PHILADELPHIA 76ERS - ORLANDO MAGIC 115-124

Partita tra due delle peggiori squadre della lega nell'ultimo periodo che rispecchia le aspettative: istinto e iniziative individuali, ma due difese totalmente da rivedere. Nonostante questo gli Orlando Magic riescono a battere in trasferta i Philadelphia 76ers portando a casa la 25esima vittoria stagionale e costringendo la franchigia della Pennsylvania alla quinta sconfitta consecutiva, causata come sempre dalla mancanza di una difesa funzionante e dall'eccessivo numero di palle perse (22), che hanno fruttato 20 punti in contropiede per la squadra di Scott Skiles, che non è stato comunque soddisfatto a fine gara.

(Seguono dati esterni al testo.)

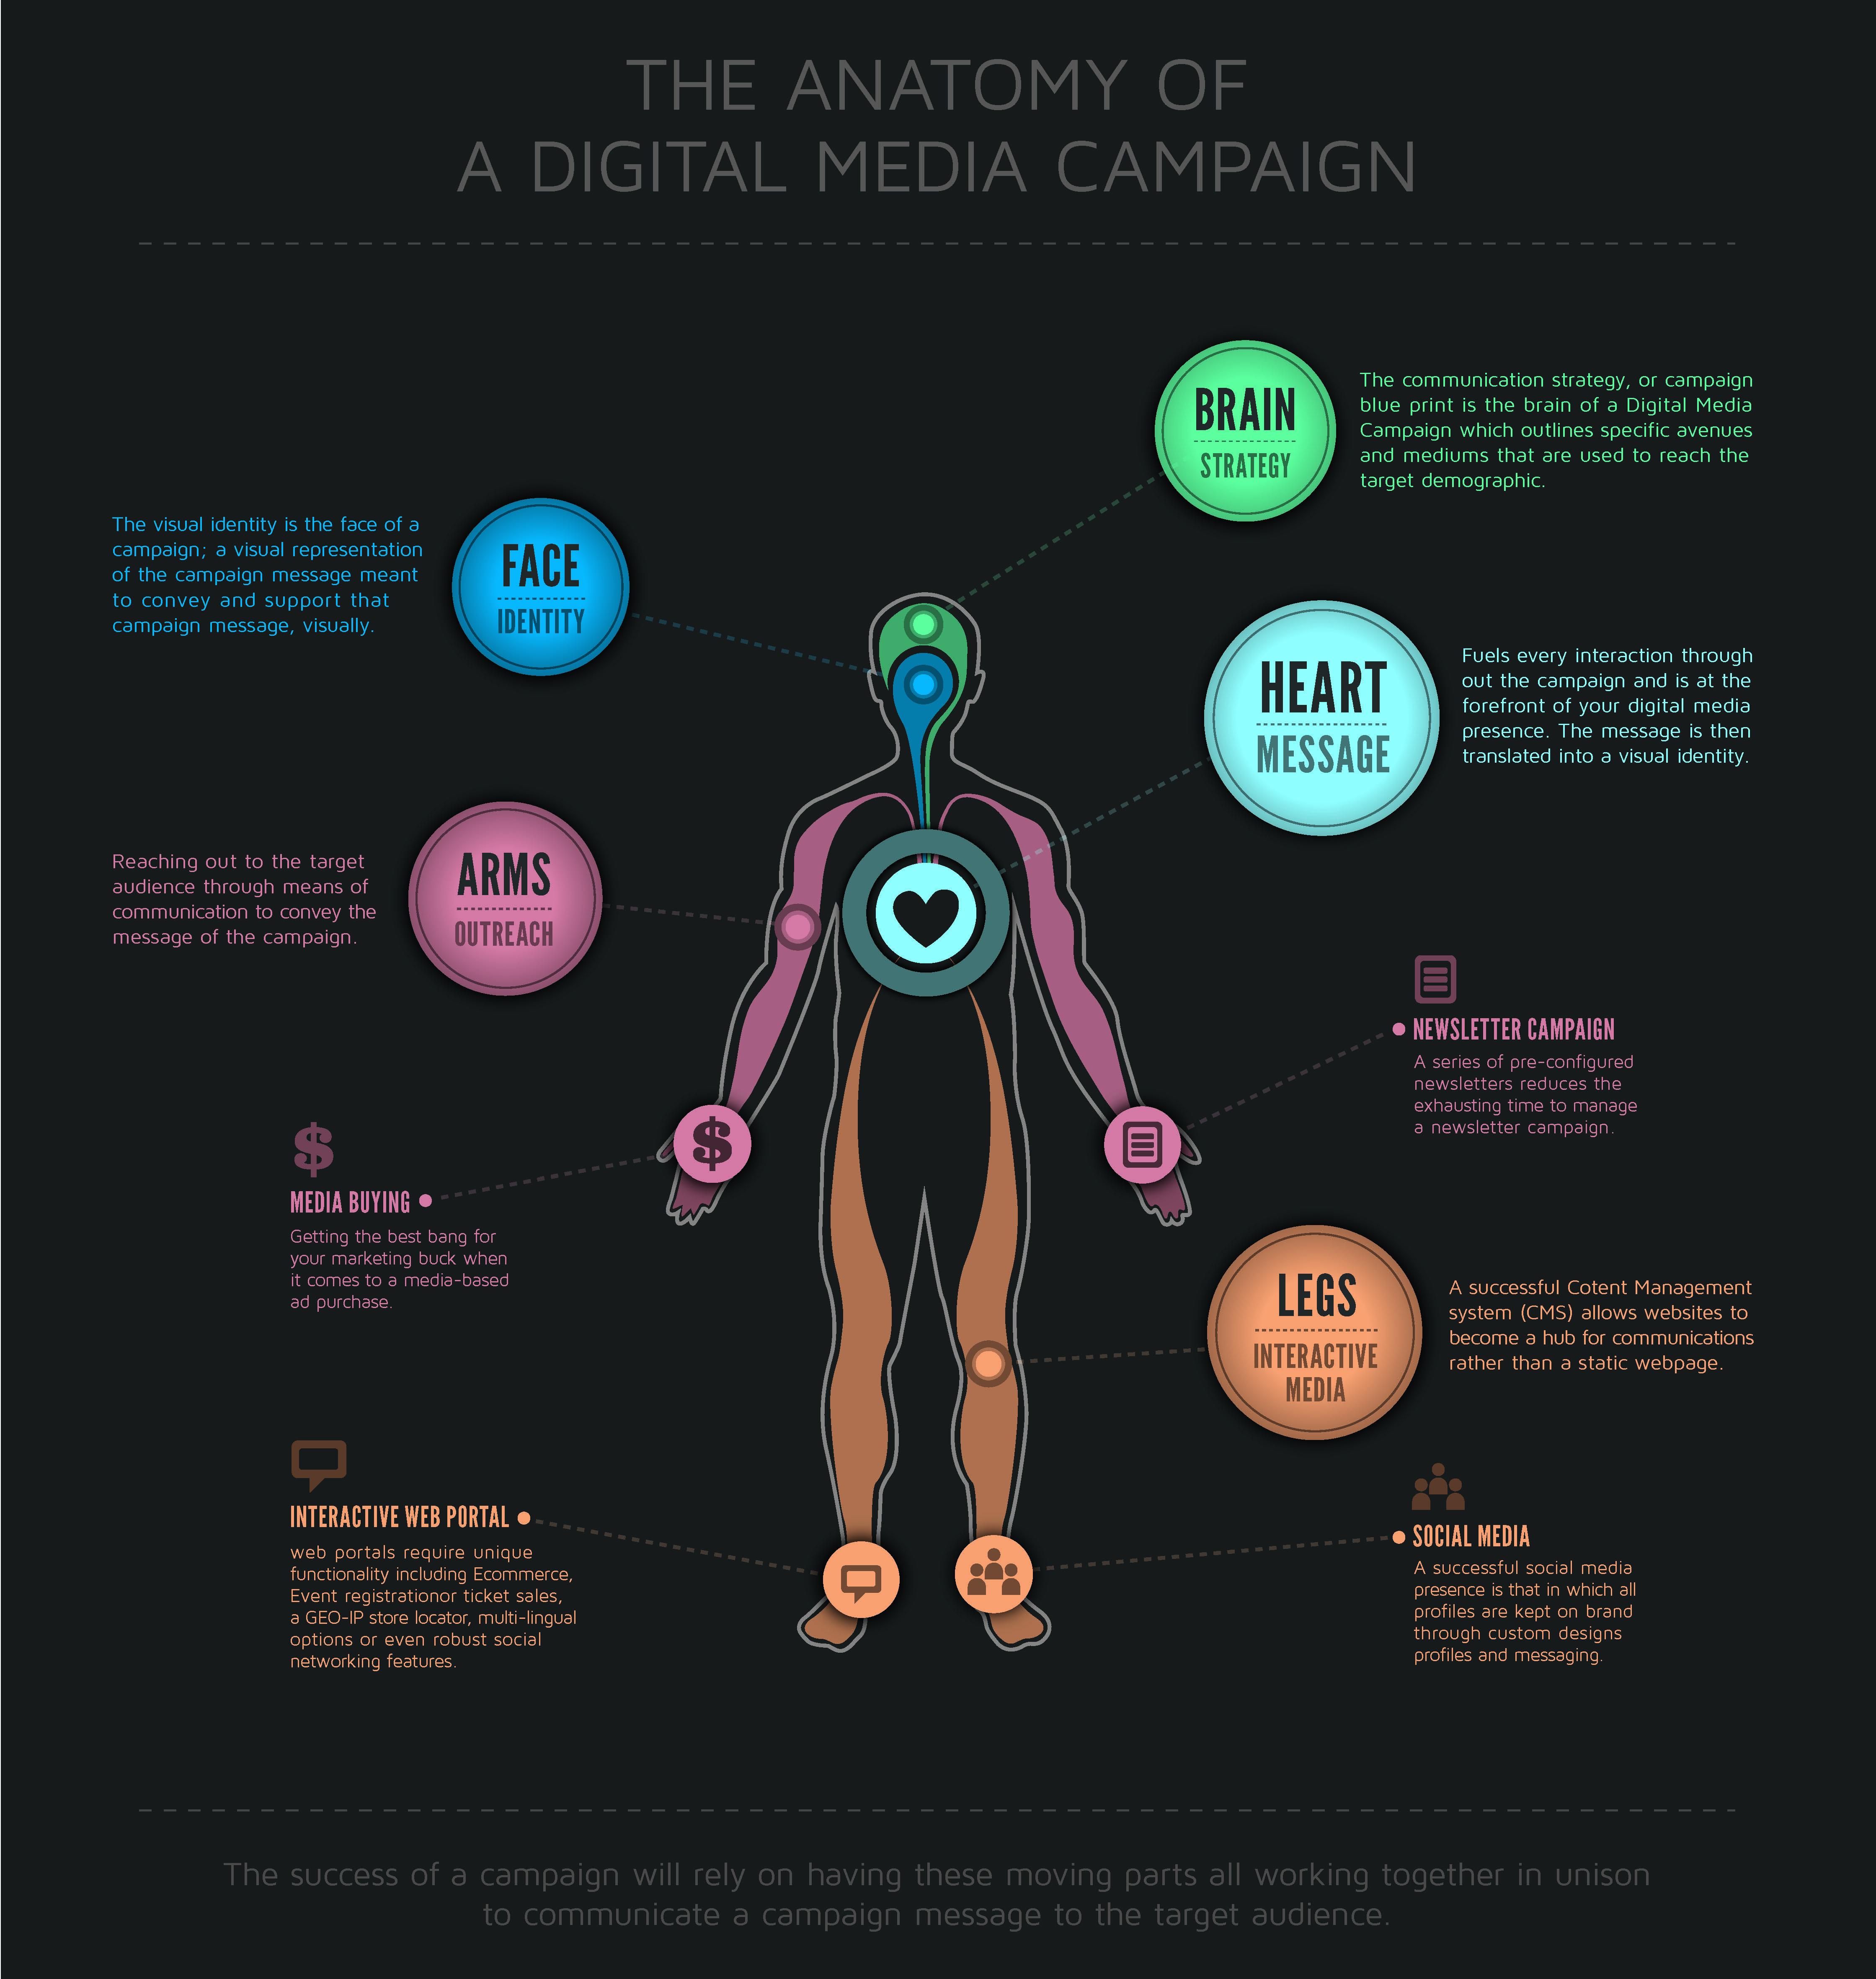 anatomy-of-a-digital-media-campaign_50a1c10442ecb

La partita si sviluppa sul filo dell'equilibrio, nessuno riesce a prendere il largo. Philadelphia raggiunge il suo massimo vantaggio sull'83-77, dopo un terzo quarto giocato a buon ritmo, ma Orlando non si perde d'animo e nel quarto quarto piazza l'allungo decisivo, guidata da un enorme Vucevic che sotto canestro fa la voce grossa e scrive 35, mentre Fournier e Oladipo fanno rispettivamente 21 e 22. Per i Sixers ci sono i 22 di Smith e la doppia doppia di Nerlens Noel da 16 e 11 rimbalzi.

WASHINGTON WIZARDS - NEW ORLEANS PELICANS 109-89

Il parzialone, il lungo solido e la tripla doppia della star: questa la ricetta dei Washington Wizards per battere i New Orleans Pelicans, reduci dalla vittoria con Detroit condita dai clamorosi 59+20 di Anthony Davis. Bissati i 20 rimbalzi, ma non i punti: sono solo 9 quelli prodotti dalla stella della franchigia della Louisiana, complice una grande gara giocata dalla difesa di Washington, cresciuta esponenzialmente dopo l'All-Star Break. La squadra di Wittman ha deciso la partita con un parziale di 19-0 costruito tra la fine del secondo quarto e l'inizio del terzo, una mazzata dalla quale i Pelicans non si sono rialzati.

Per Washington sugli scudi assolutamente John Wall, che centra una tripla doppia da 16 punti, 12 rimbalzi e 11 assist, senza però dimenticare la solita solidità di Marcin Gortat, che ha retto anche bene l'urto in difesa senza perder lucidità e concludendo con 21 punti (10/16 dal campo) e 11 rimbalzi. Bene anche Dudley (11). Dall'altra parte si salva la presazione della panchina: il quintetto genera solamente 32 punti contro i 57 di chi è entrato a gara in corso. Migliori Holiday e Anderson, 20 e 16.